CQRS and Event Sourcing
Introduction
In this blog post I will go over an architectural pattern which is a part of a broader spectrum of event based architectures. It is inspired by a StrangeLoop talk by Bobby Calderwood.
– TLDR
- CQRS involves splitting an application into two parts internally: the command side ordering the system to update state and the query side that gets the information without changing state.
- by decoupling the write and read paths, you can decouple the teams responsible for the implementation of the write and read logic.
Here is a summary of the Event Sourcing architecture:
- Commands represent user intentions
- Command Processors implement business logic and generate Events
- Events represents what happened and the final truth
- Other auxiliary services can be based on that
–
Companion repository can be found here: with-kafka.
CQRS and Event Sourcing: what’s in the name?
CQRS (Command/Query Responsibility Segregation) is a pattern which separates writes from the reads. In another words updating information uses a different model that reading that information, as opposed to the prevalent CRUD APIs, where the same model is being used throughout.

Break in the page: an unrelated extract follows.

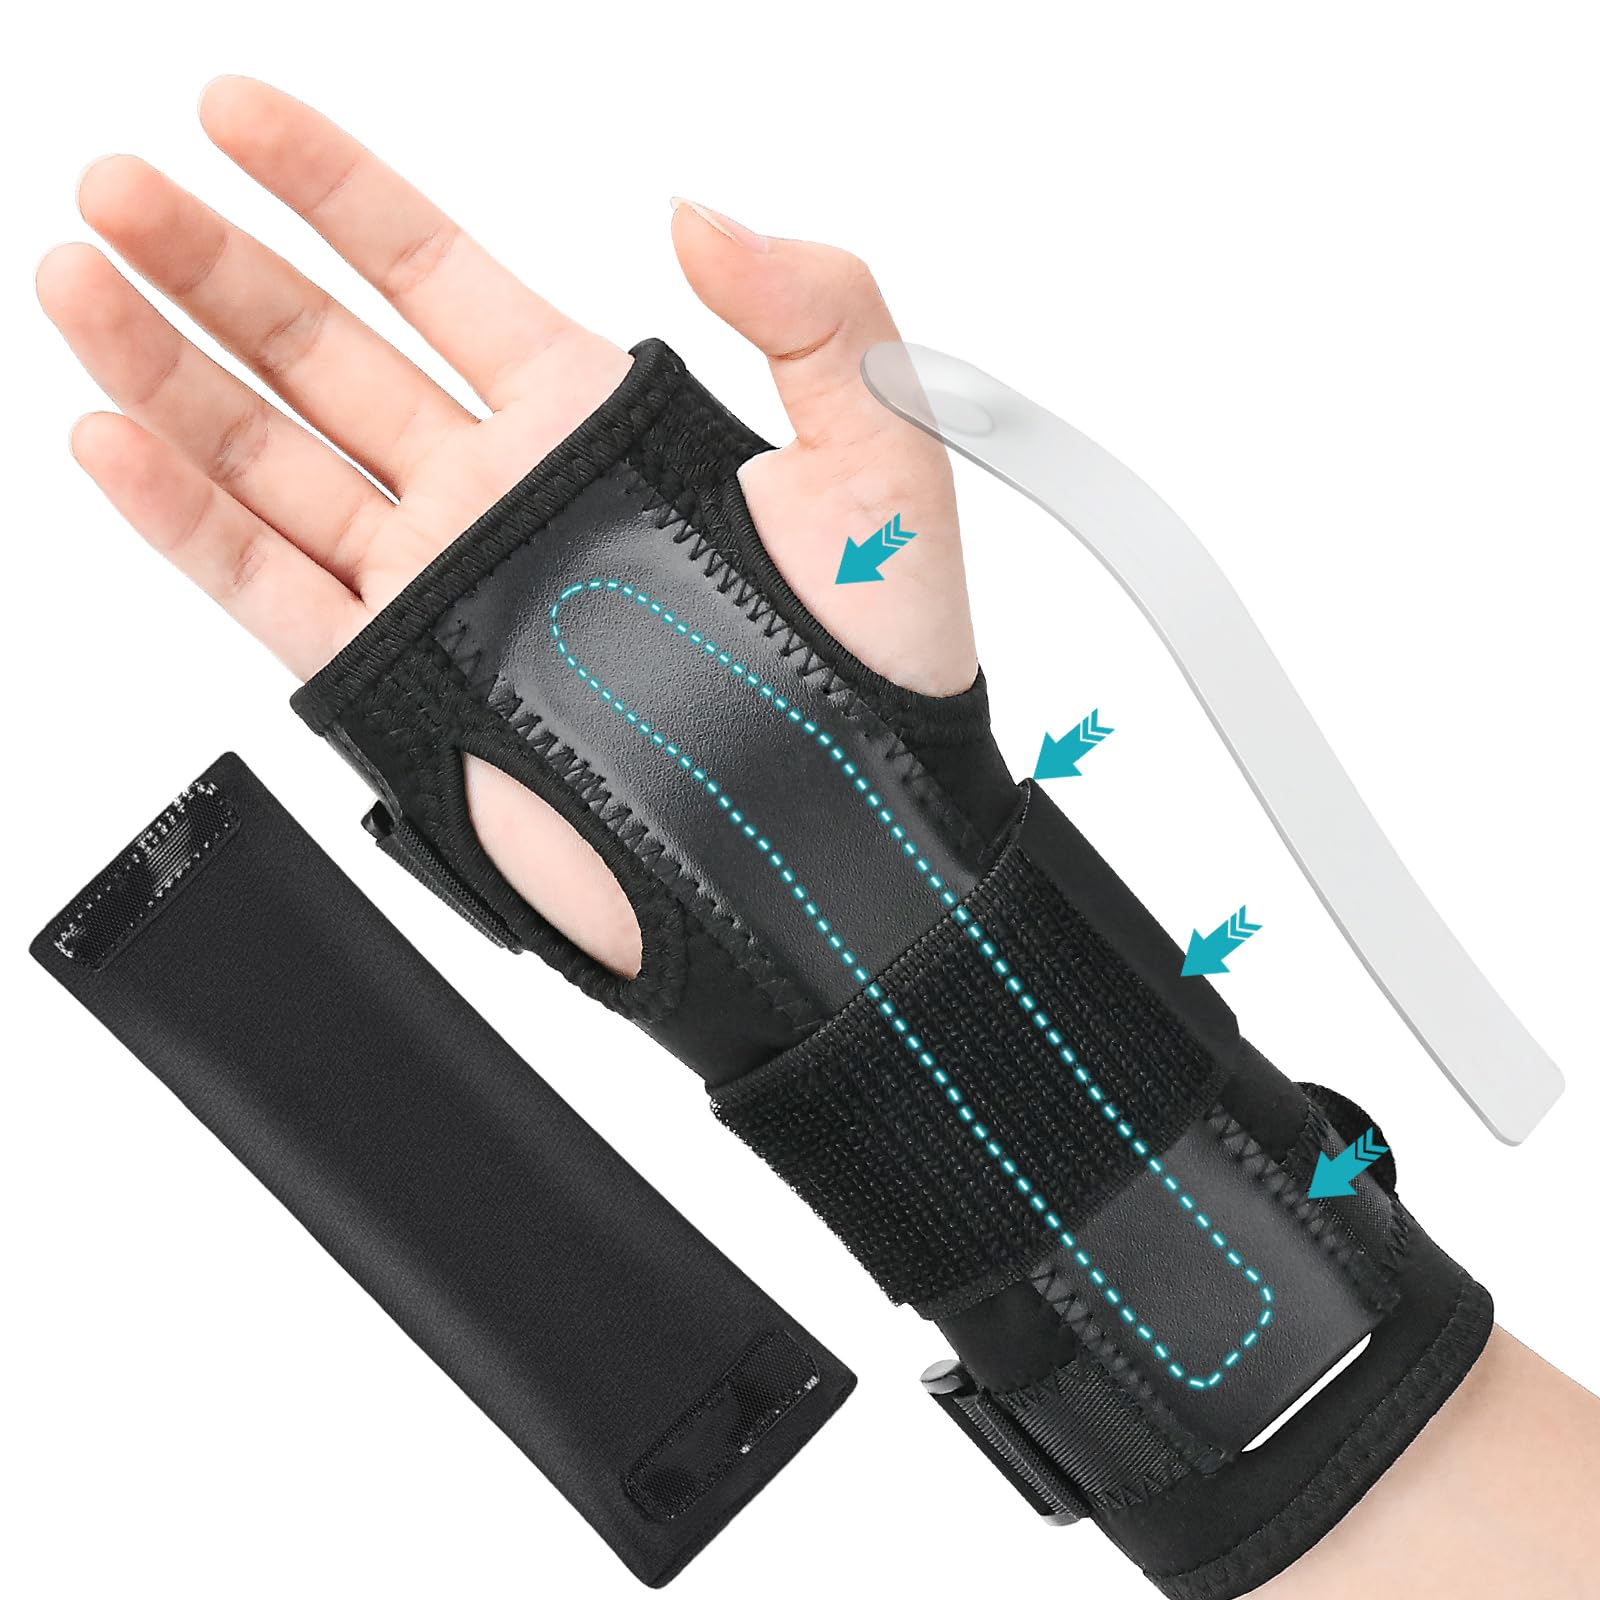 1Pcs Wrist Support Brace/Carpal Tunnel/Hand Support,Adjustable Wrist  Support for Arthritis and Tendinitis,Joint

This separation of concerns fits many domains, albeit not all.
Note that the separation says nothing of how these two models should communicate - they may take entirely different paths in your system and run on a different hardware, or they may share the same database or even the same process.
The advantage is still the same : by separating reads from the writes you can evolve them in an independent manner.
NOTE
If you think that the GraphQL language concept bears some resemblance, you will be right, although I would argue that a semantic split between mutations and queries is not enough to constitute a real separation. Therefore depending on the details of a GraphQL based system we could (or not) be talking of fitting the description of CQRS, but the two are definitely compatible.
As already mentioned CQRS makes for a good fit with event-based architectures. The read/write model separation, which is the defining pillar of CQRS, allows to combine it with the other hero of this blogs entry title: the Event Sourcing pattern.
The fundamental idea behind this pattern is that every state-altering action in your system is recorded and stored, forever, in a time-ordered event log, rather than as an aggregate of all the changes as they were happening over time in a single database. Interesting enough databases are build on top of event logs, stored on disk therefore this concept has been touted as turning the database inside out by some of the greats.
The advantages of this approach are many-fold:
- There is now an audit log of everything that happened in the system at any given point in time.
- The aggregate views of your events (persisted in e.g. relational data-base) can be now recreated by replaying those events one-by-one.
- By constructing the materialized view of the data after the event is stored, we can change our interpretation of it in the future, or even construct different aggregates of those events and serve them concurrently to the clients.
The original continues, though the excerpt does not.